__PROBLEM REQUIREMENTS__
Output must consist only of the lines of the material below from the one with "Furniture transport service" through the one with "BE QUIET! PC-Netzteil", each reproduced exactly; no pictures belong in it.

__DATASET EXCERPTS__

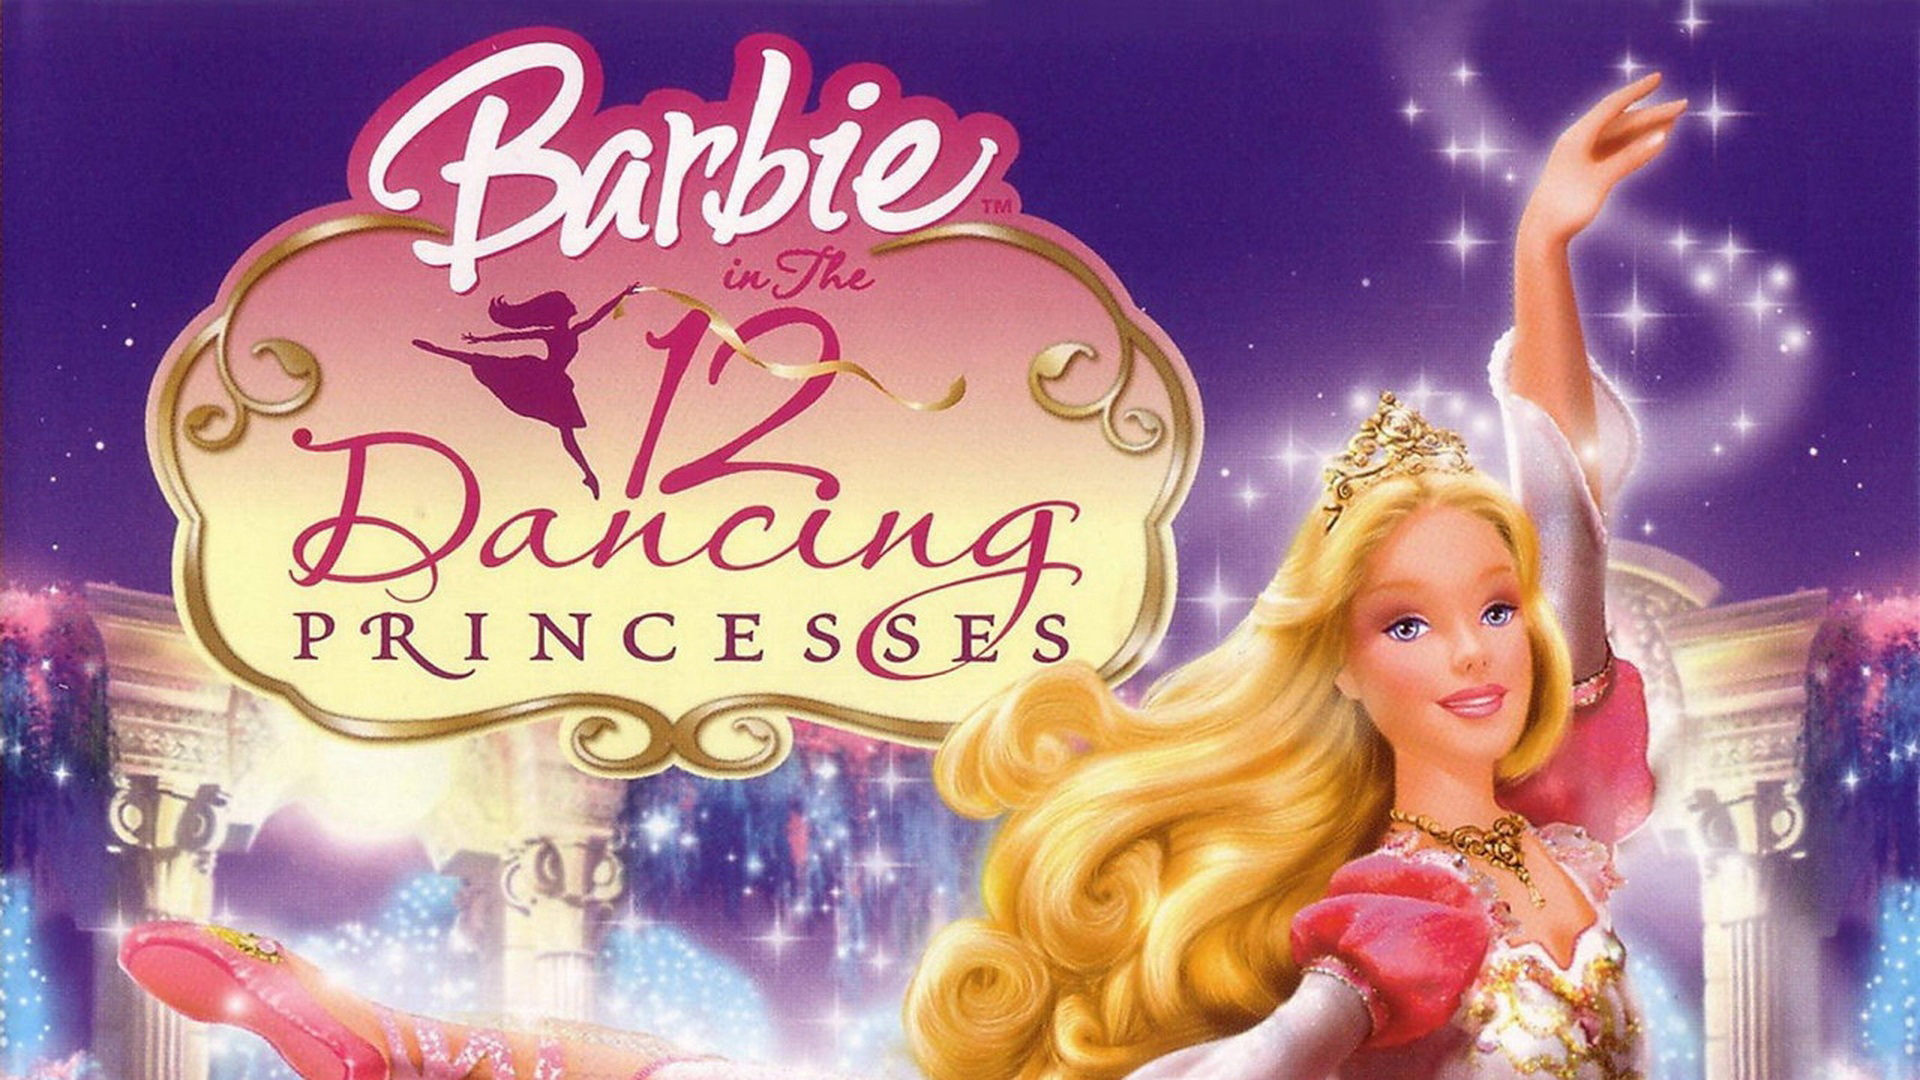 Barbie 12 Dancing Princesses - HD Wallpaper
* * *
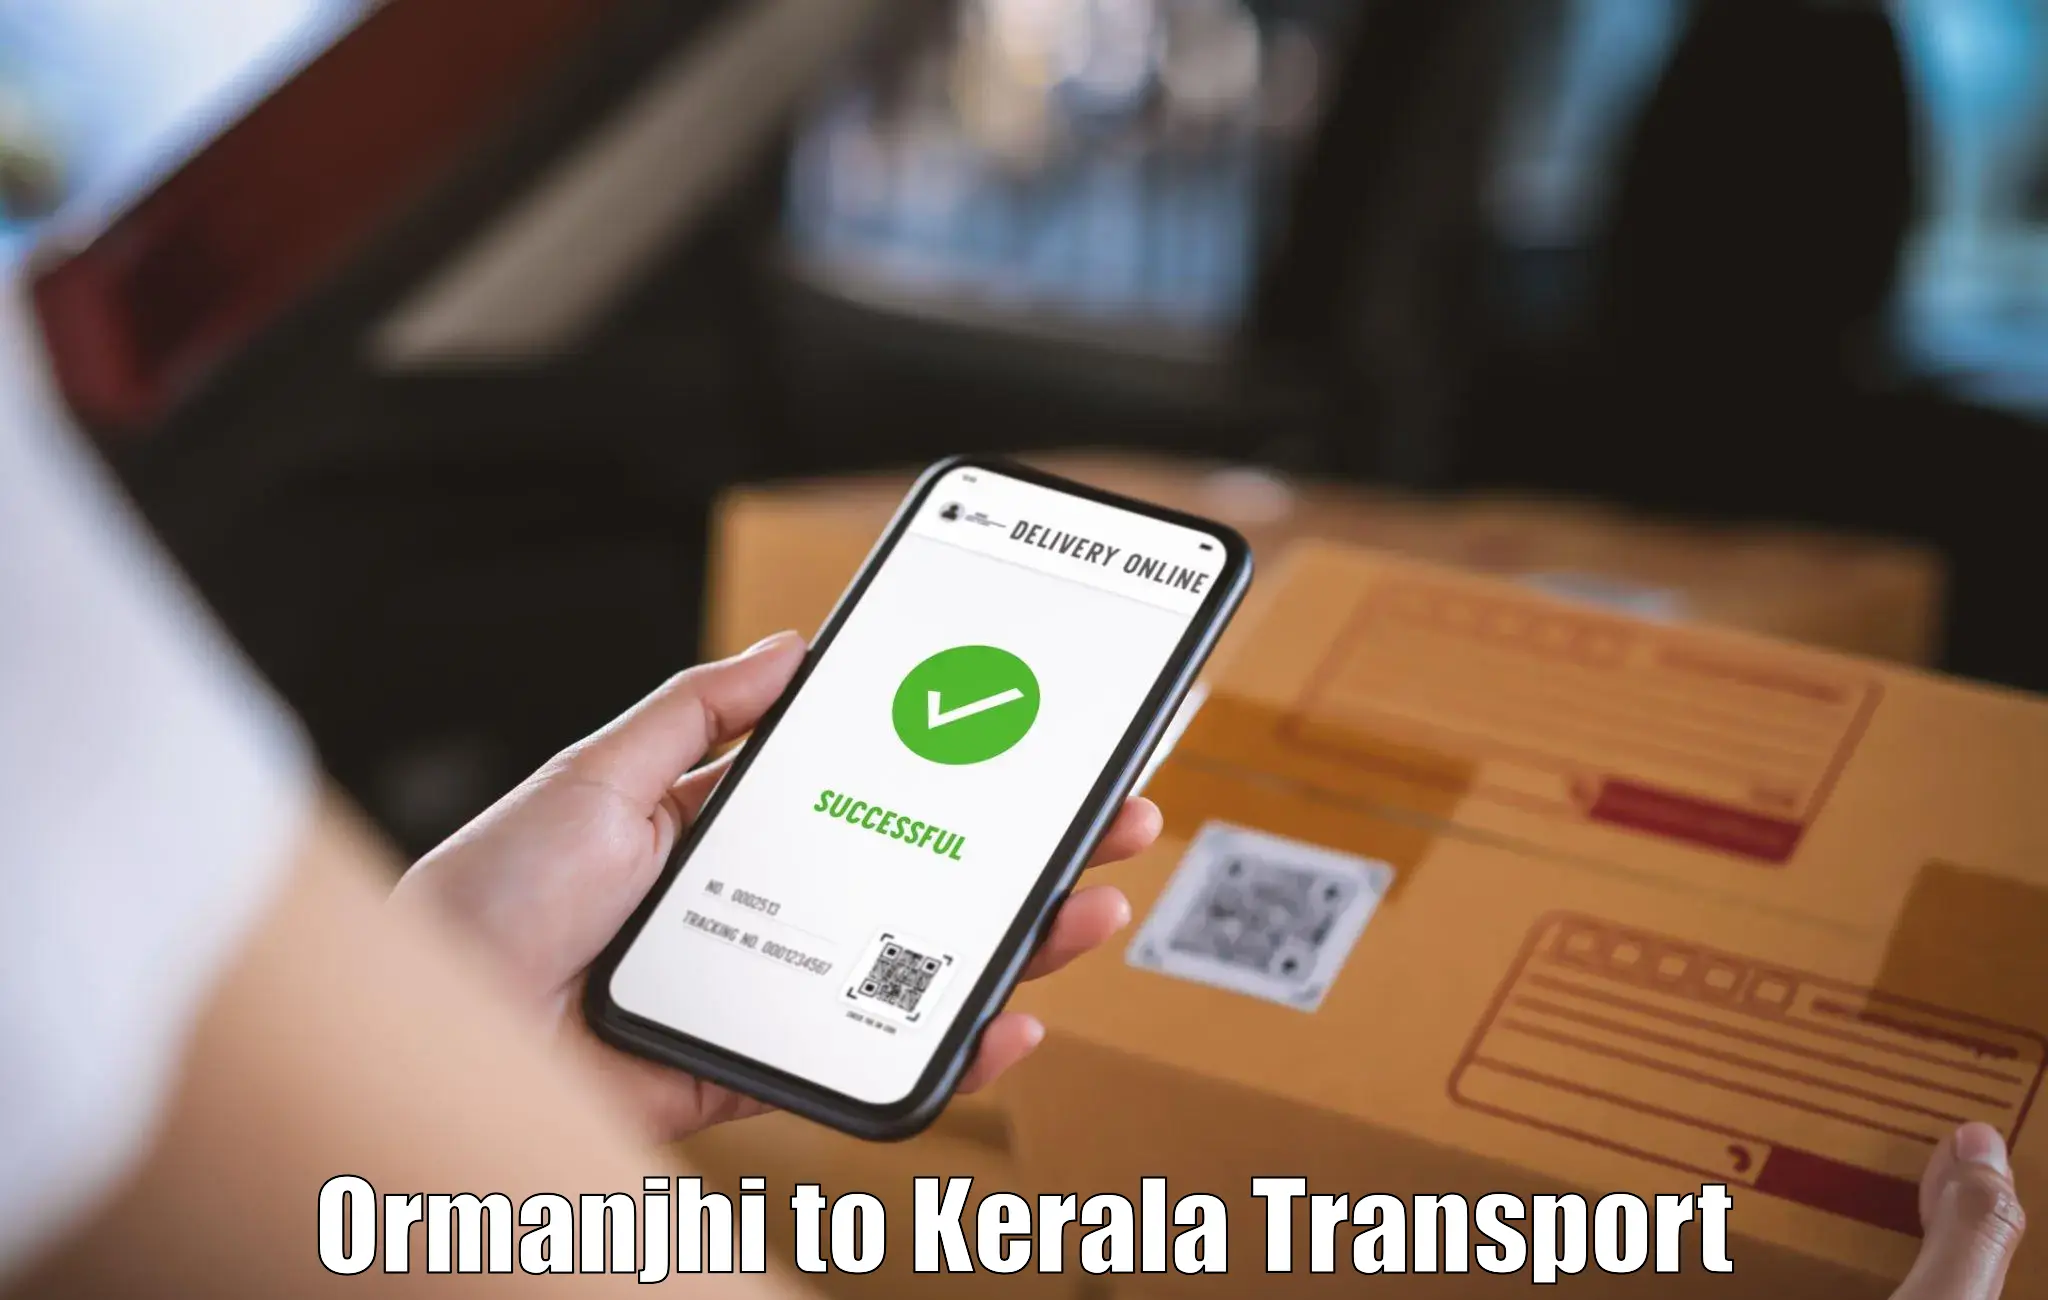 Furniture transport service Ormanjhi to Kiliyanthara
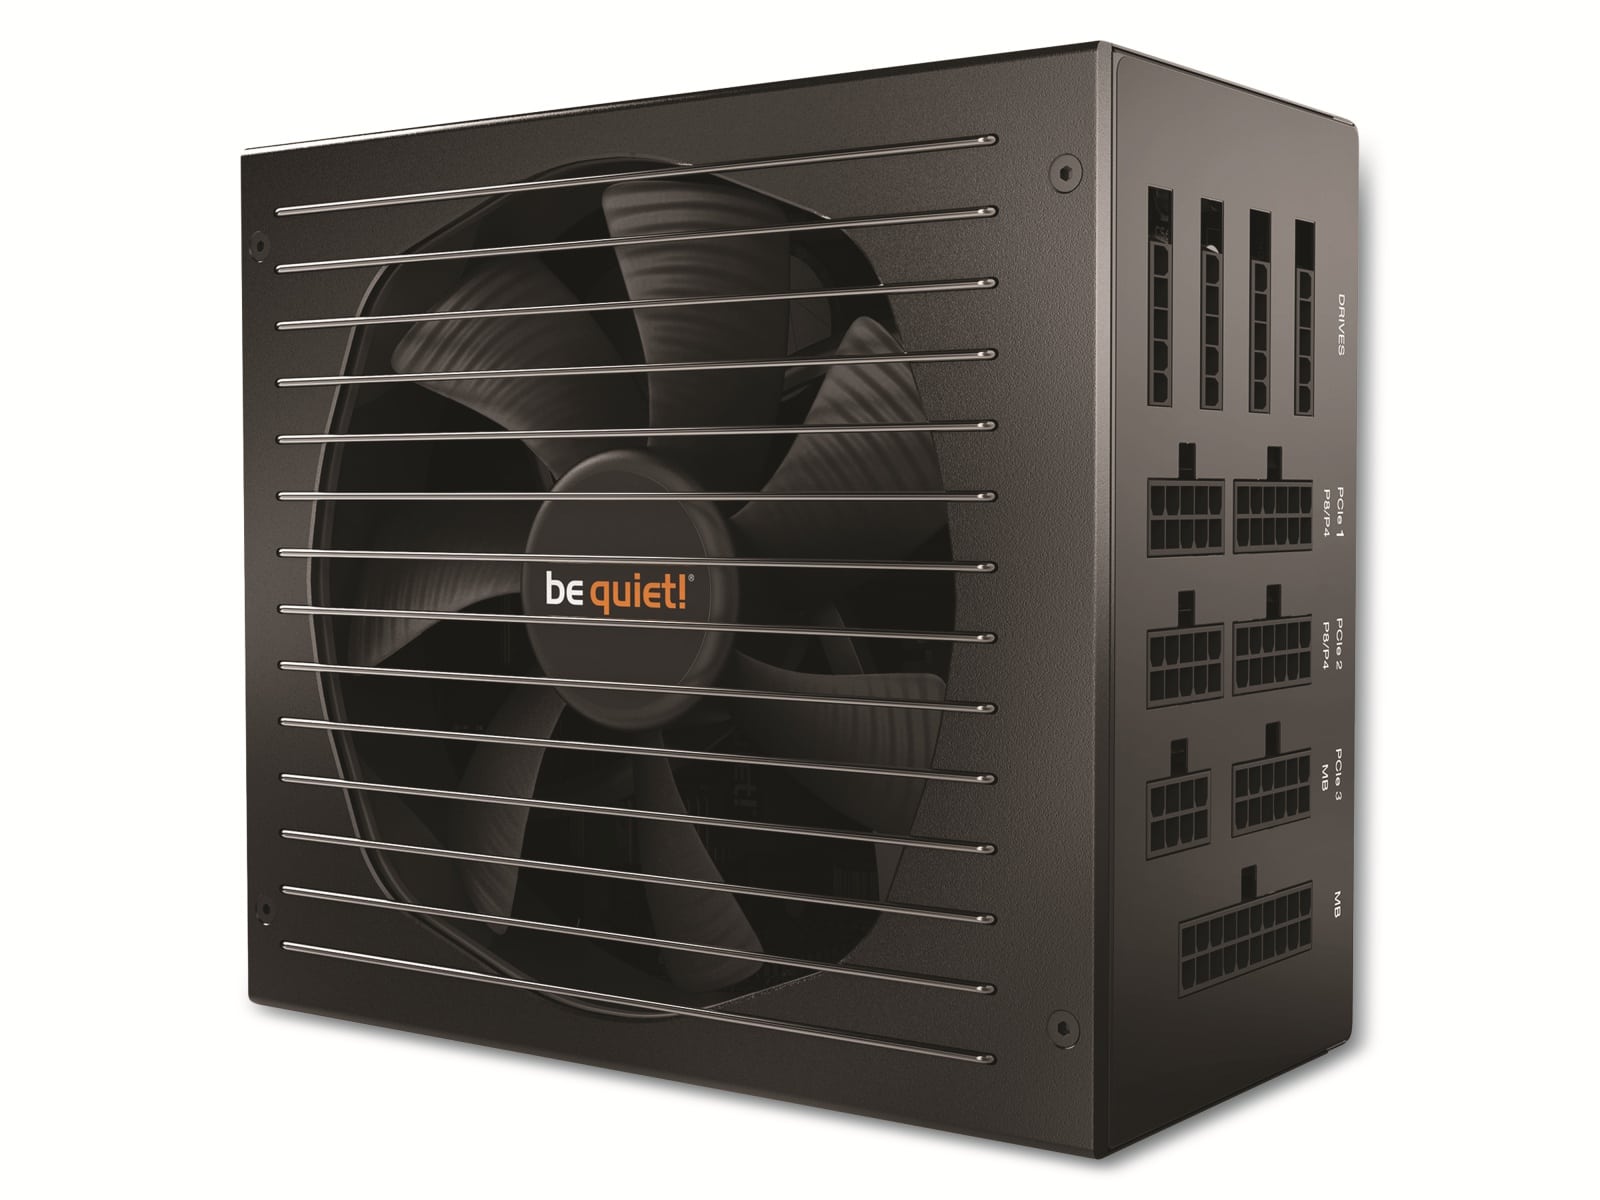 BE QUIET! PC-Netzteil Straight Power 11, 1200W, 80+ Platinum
...
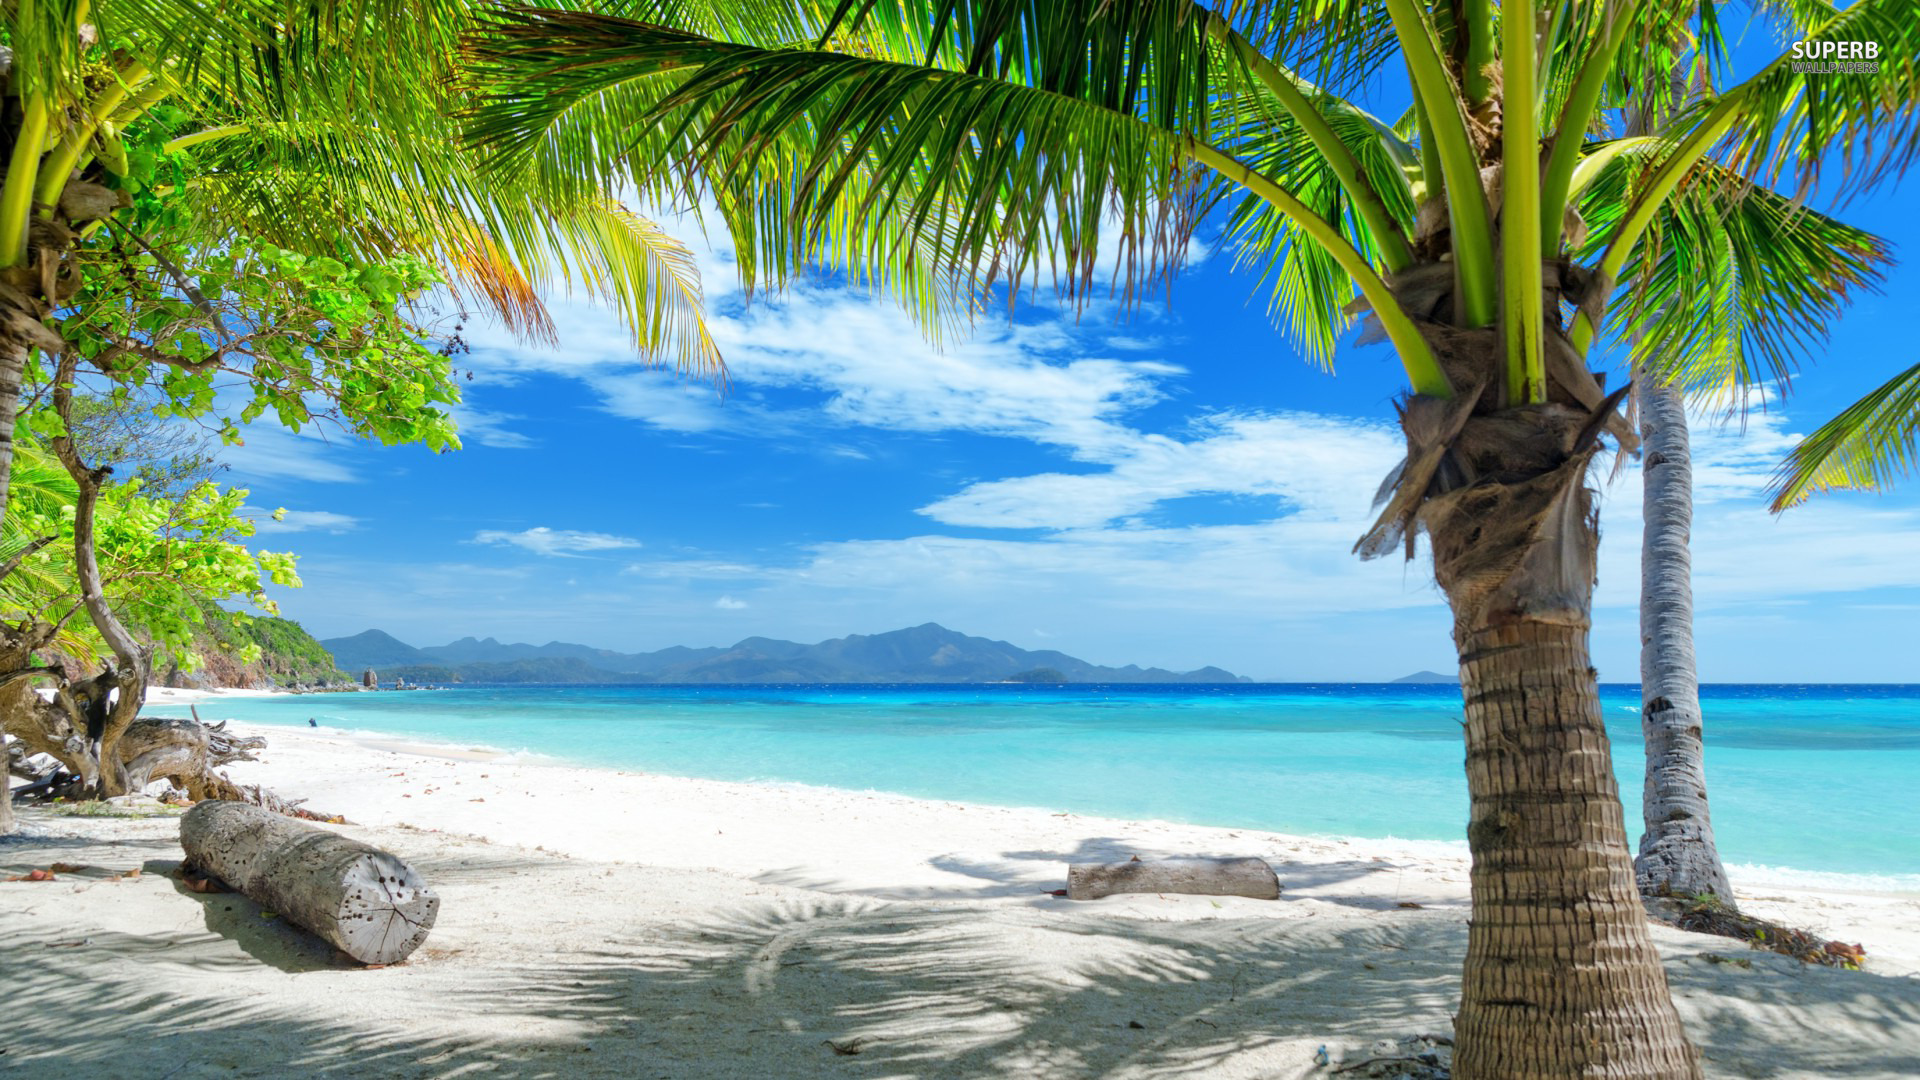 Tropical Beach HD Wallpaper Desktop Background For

__TASK SOLUTION__
 Furniture transport service Ormanjhi to Kiliyanthara
 BE QUIET! PC-Netzteil Straight Power 11, 1200W, 80+ Platinum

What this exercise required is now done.